3.1 Fairness is a critical concern in the development and deployment of AI algorithms, despite their ability to enhance competitive advantage. A systematic review of 47 articles reveals a lack of formalized AI terminology and definitions, resulting in contrasting views of AI algorithmic fairness [2]. Most research has focused on the technical aspects of narrow AI, particularly in criminal justice and immigration and the health sector. Currently, AI algorithmic fairness is more focused on the technical and social/human aspects than the economic aspects. Evaluating the fairness of an AI system involves assessing its ability to produce unbiased results by evaluating the data inputs, algorithms, and decision-making processes to ensure they are free from bias. This is particularly important in areas such as hiring, lending, or insurance, where bias can have a significant impact on outcomes. A fair AI system treats all users equally, without bias or discrimination, and ensures unbiased results regardless of the user’s characteristics.

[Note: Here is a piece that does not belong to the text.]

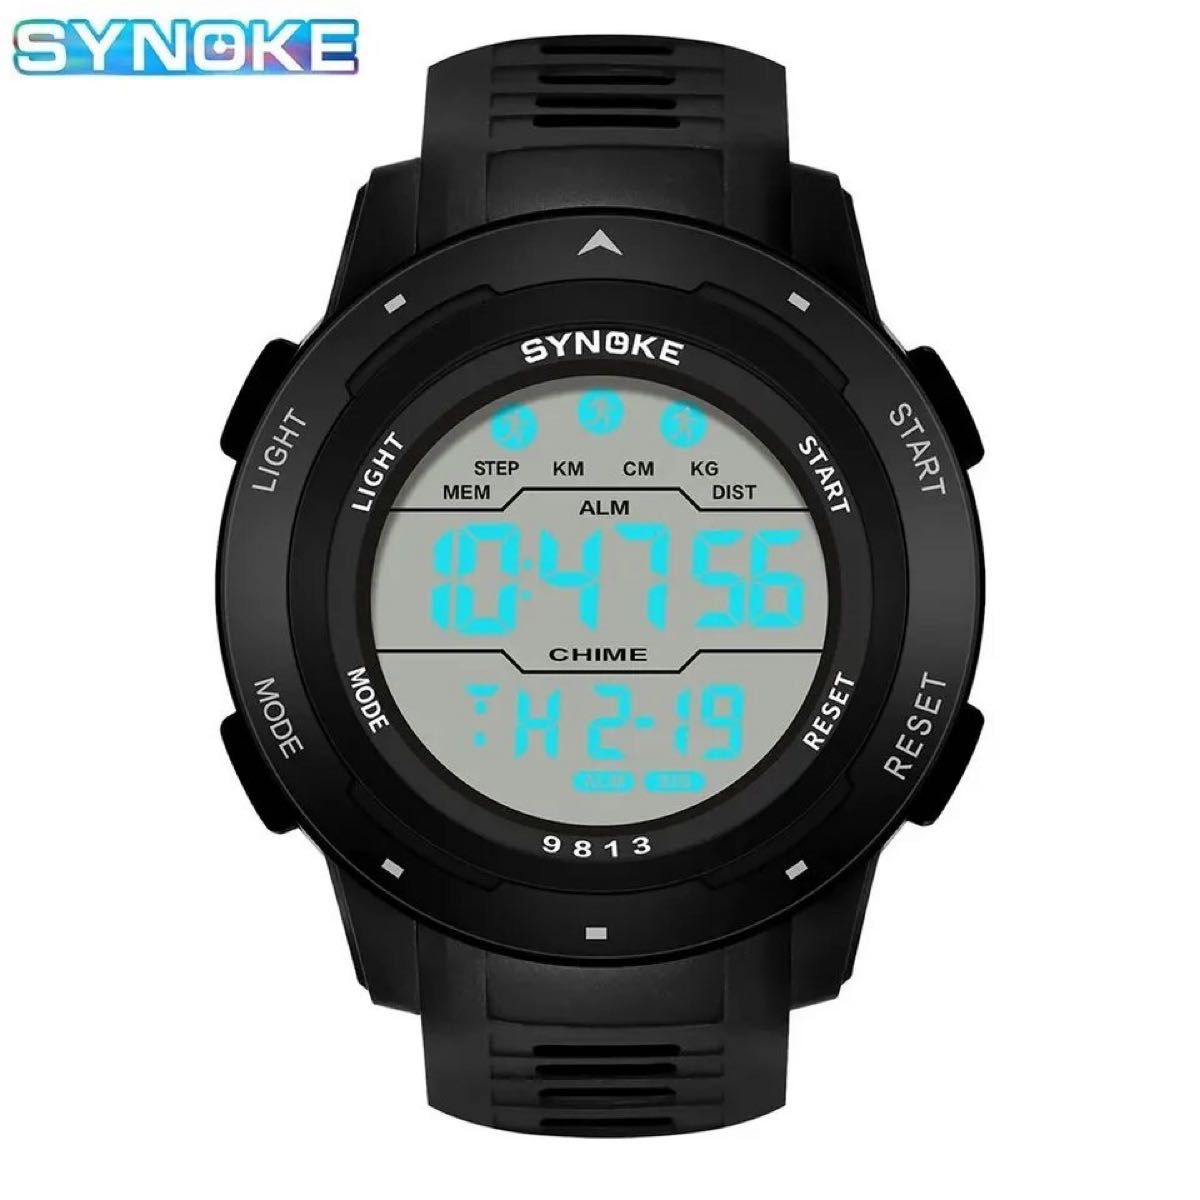 新品 SYNOKEスポーツデジタル 防水 デジタルストップウォッチ メンズ腕時計 9813 ブラック

4. Explainability is an essential attribute of AI systems. It refers to the system’s ability to explain its decisions or actions in a way humans can understand, by providing transparency and interpretability. The trustworthiness of an AI system depends on a user’s ability to understand how an algorithm produces a result. Developing explainable systems is a fundamental research question of AI. A tension in engineering AI systems is that some methods do not permit the analyst to trace what feature(s) resulted in a prediction. Explainability is a fundamental concern of deploying AI systems in the clinic. Techniques for explaining how outputs arise from AI systems will enable fielding these systems and reduce risk. Storing and presenting intermediate output may aid in the explainability problem. Deep learning algorithms remain an evolving research area for explainability. This requires developers to design algorithms that are explainable and to provide clear explanations of the system’s decision-making processes.

3.1 Transparency: Transparency refers to the ability of an AI system to provide clear and understandable information about how it works, including the data it uses and the algorithms it employs. A transparent system can help users understand how the system works, the inputs it uses to make decisions, and the outcomes it produces. This requires developers to provide clear documentation, user manuals, and data visualizations that help users understand the system’s operation.

3.2 Interpretability: Interpretability refers to the ability of an AI system to provide explanations of its decisions or actions in a way that is understandable to humans. An interpretable system can provide insight into how it reached a particular conclusion, allowing users to understand the reasoning behind the system’s decisions. This requires developers to design algorithms that are interpretable and to provide clear explanations of the system’s decision-making processes.

5. Data centricity is a critical attribute of AI systems that emphasizes the importance of data quality, governance, and ethics in the development and operation of the system. By prioritizing these factors, AI systems can produce more accurate and reliable results, while also promoting ethical and responsible data use. Software elements need to be explicitly architected with data uncertainty, availability, and scalability in mind, as data is the key aspect that influences every aspect of AI system design. Most AI systems rely on a machine learning model trained on data, which is the weakest link and can degrade system performance if changed. Continuously learning models are fragile to adversarial attacks and may produce patterns that are incomprehensible to human experts. The scale of data poses engineering challenges and requires new storage and database architectures. However, ensuring data quality is difficult, which adds to the attack surface of AI systems.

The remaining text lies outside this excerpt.